Potrebbe trattarsi, va detto, di un anno di transizione. Commerciale e produttiva. Di un anno di uscita da certe facilonerie e disinvolture (anche in questo è inutile nascondersi dietro a un dito) e di ingresso in una fase di maggiore trasparenza, rigore, coerenza. Di un rientro nel solco della “normalità”, insomma, dopo il lungo inseguimento di un successo rivelatosi tanto lucroso quanto, in certi casi, destabilizzante. Di un anno in cui sono intervenute – mentori il mercato, la crisi, i controlli, le nuove tendenze – anche certe correzioni di rotta che, pur rimettendo i vini sulla giusta strada, hanno tolto loro un po’ della personalità originaria.

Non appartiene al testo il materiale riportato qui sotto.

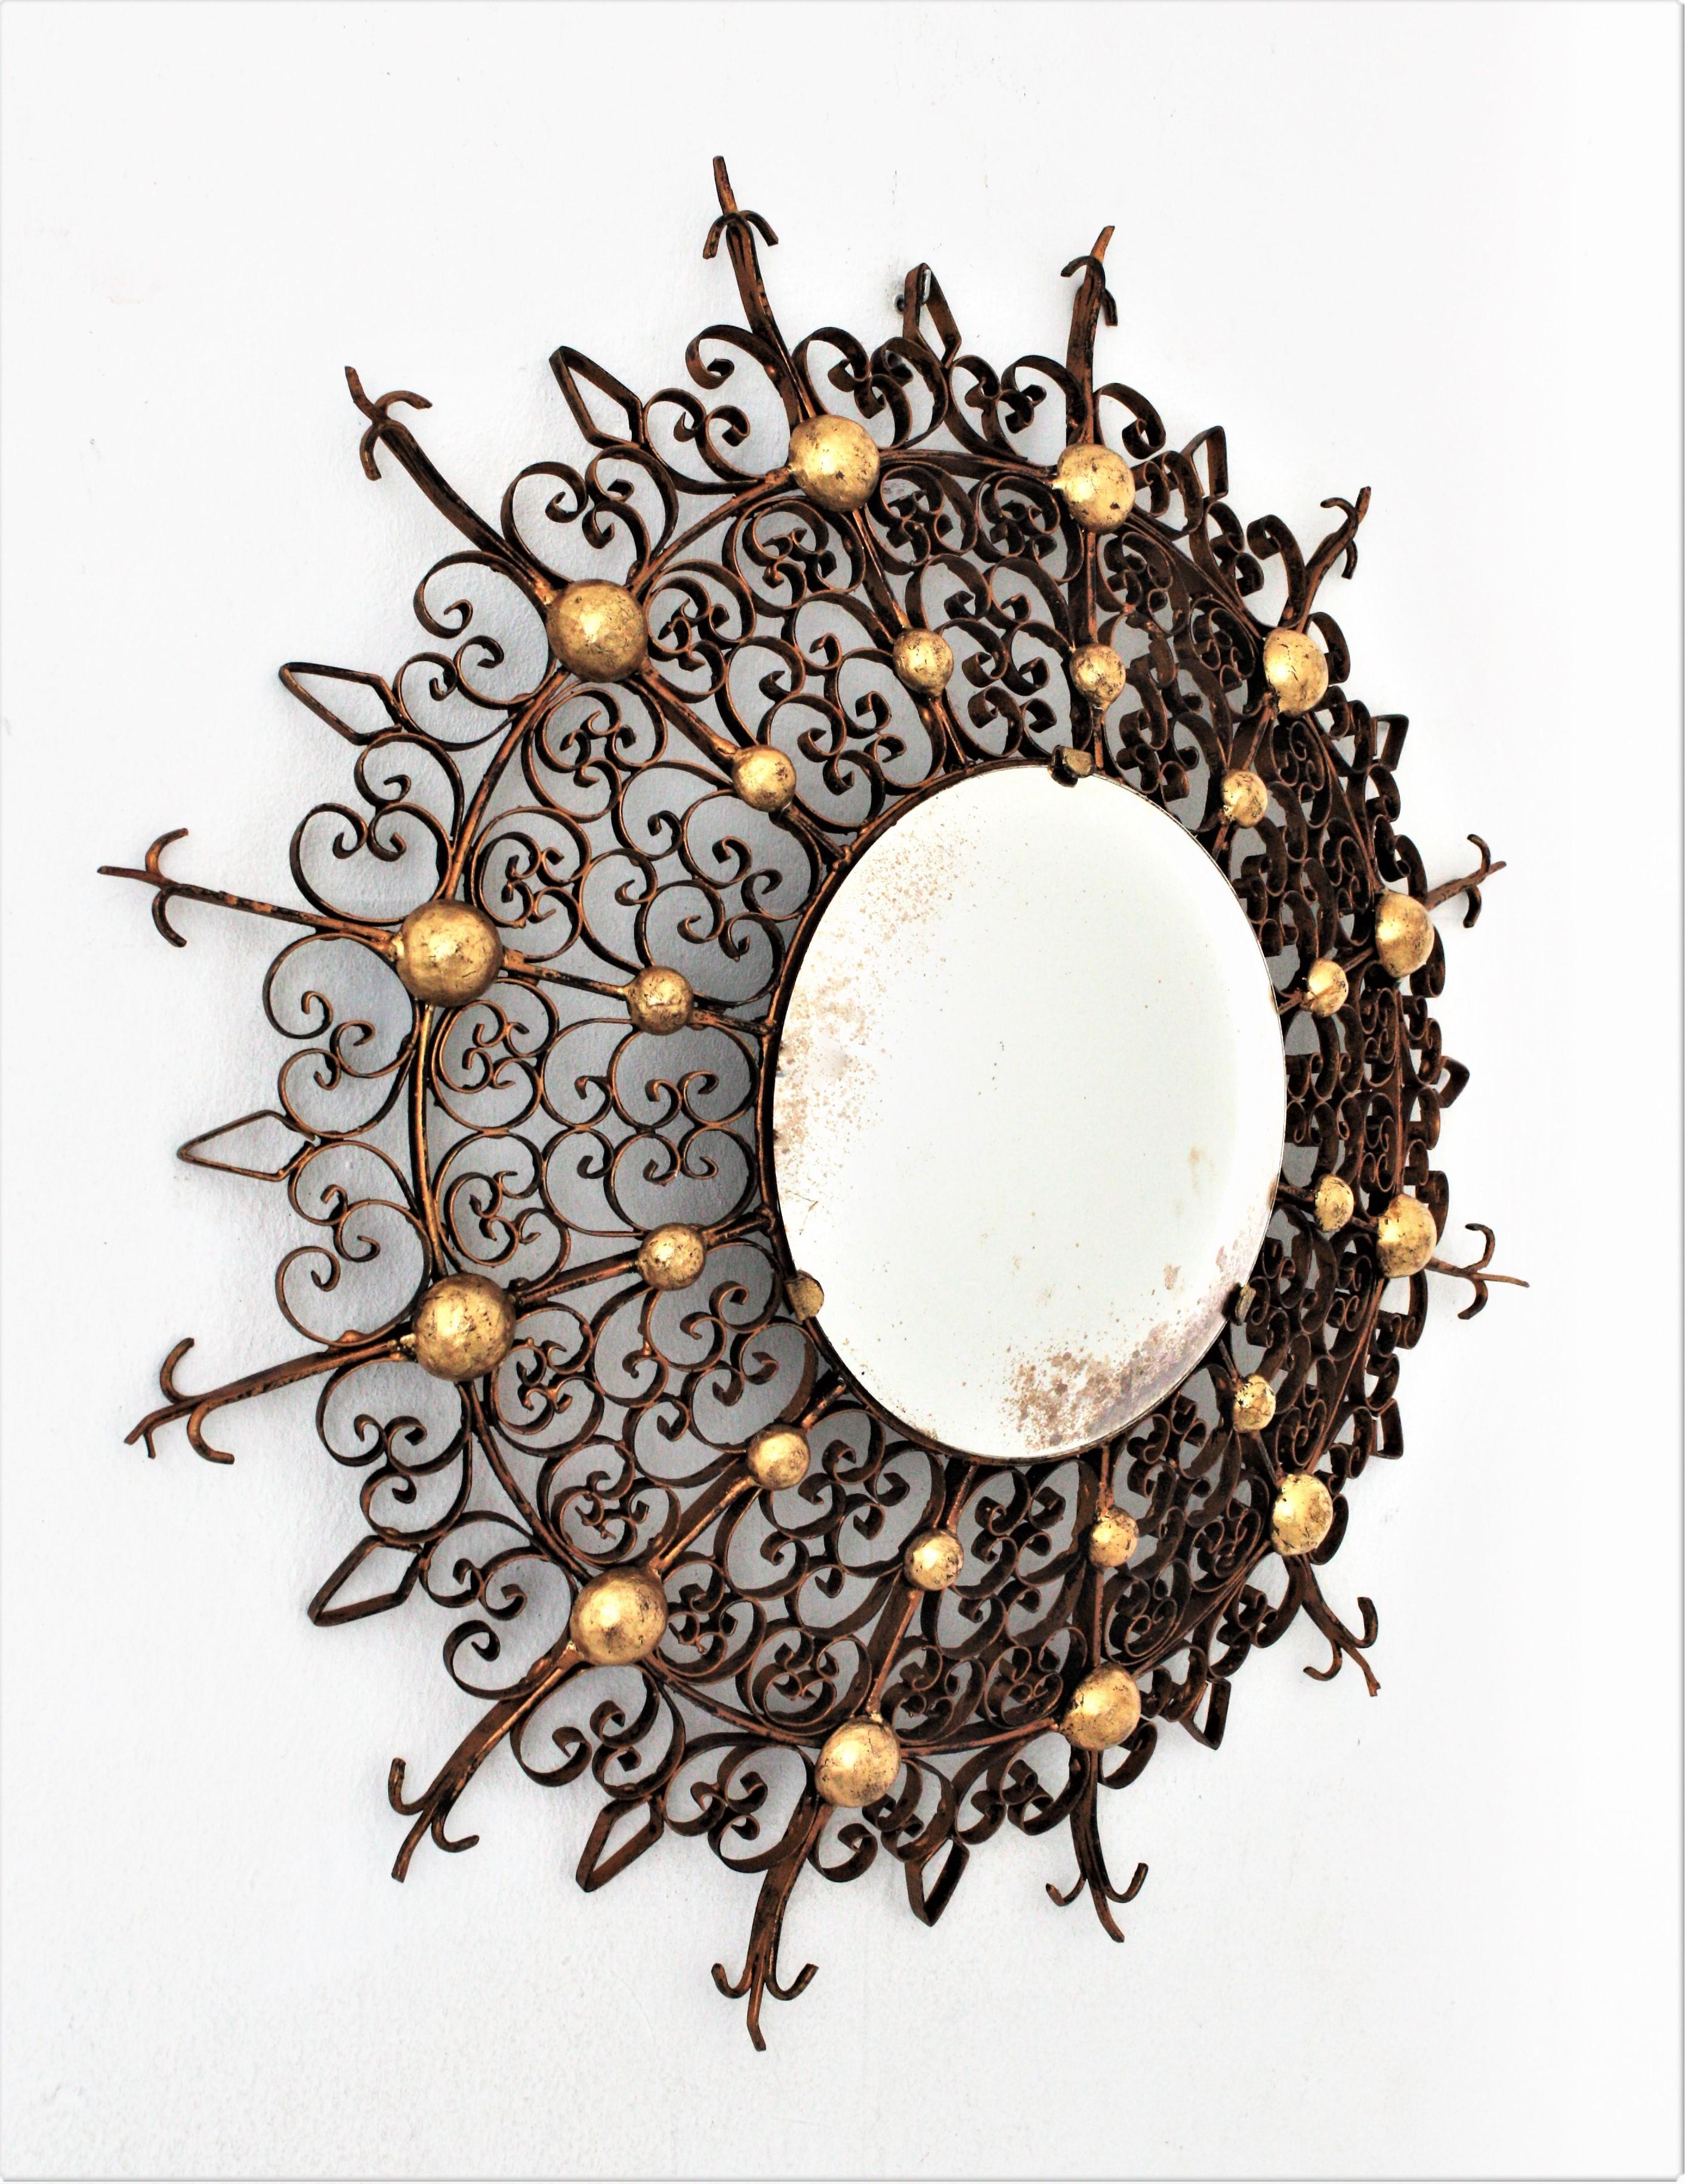 Impressionnant miroir convexe en fer doré, de style néo-gothique, avec un cadre à volutes et des accents dorés. France, années 1930-1940.
Le cadre est un décor filigrané complexe avec des volutes de différentes tailles accentuées par des

Chissà…
Prima di entrare nel dettaglio, due note organizzative. Ottima la sala, ottimo il servizio, giusta la location (la fiera è un po’ algida ma per logistica, struttura, ambiente, parcheggio etc è l’ideale), ufficio stampa efficiente, buona atmosfera, clima collaborativo, niente calca (nemmeno al buffet a base di prodotti tipici veronesi: incredibile!), insomma un’organizzazione senza crepe. Tranne una: è abbastanza autolesionistico organizzare la (troppo) lunga conferenza stampa subito prima delle degustazioni. Tra inevitabili ritardi e evitabili sforamenti, le degustazioni sono cominciate con 90 minuti dopo l’ora stabilita e ciò non giova né alla tranquillità né all’umore.
E adesso (in diretta!) giù la maschera: ecco i campioni che ho assaggiato con i relativi punteggi:
Tommasi (14/20), Rubinelli (11/20), Arduini (12/20), San Felice (11/20), Accordini (12/20), Tinazzi (11/20), Zeni (15/20), Roccolo Grassi (13/20), Cesari (13/20), Villa Monteleone (13/20), Zanoni (12/20), Campagnola (14/20), Zecchini (14/20), Gamba (13/20), Corte Campagnola (11/20) Cantina Valpolicella Negrar (13/20), Latium (12/20), Bertani (14/20), Farina (15/20), Fabiano (14/20), Sant’Antonio (14/20), Bolla (14/20), Ca’ Rugate (13/20), Antolini (14/20), Tinazzi Aurum (12/20), Ca’ La Bionda (14/20), Bonazzi e Boscaini (11/20), Cavalchina (13/20), Recchia (12/20), Speri (12/20). Media: 12,8.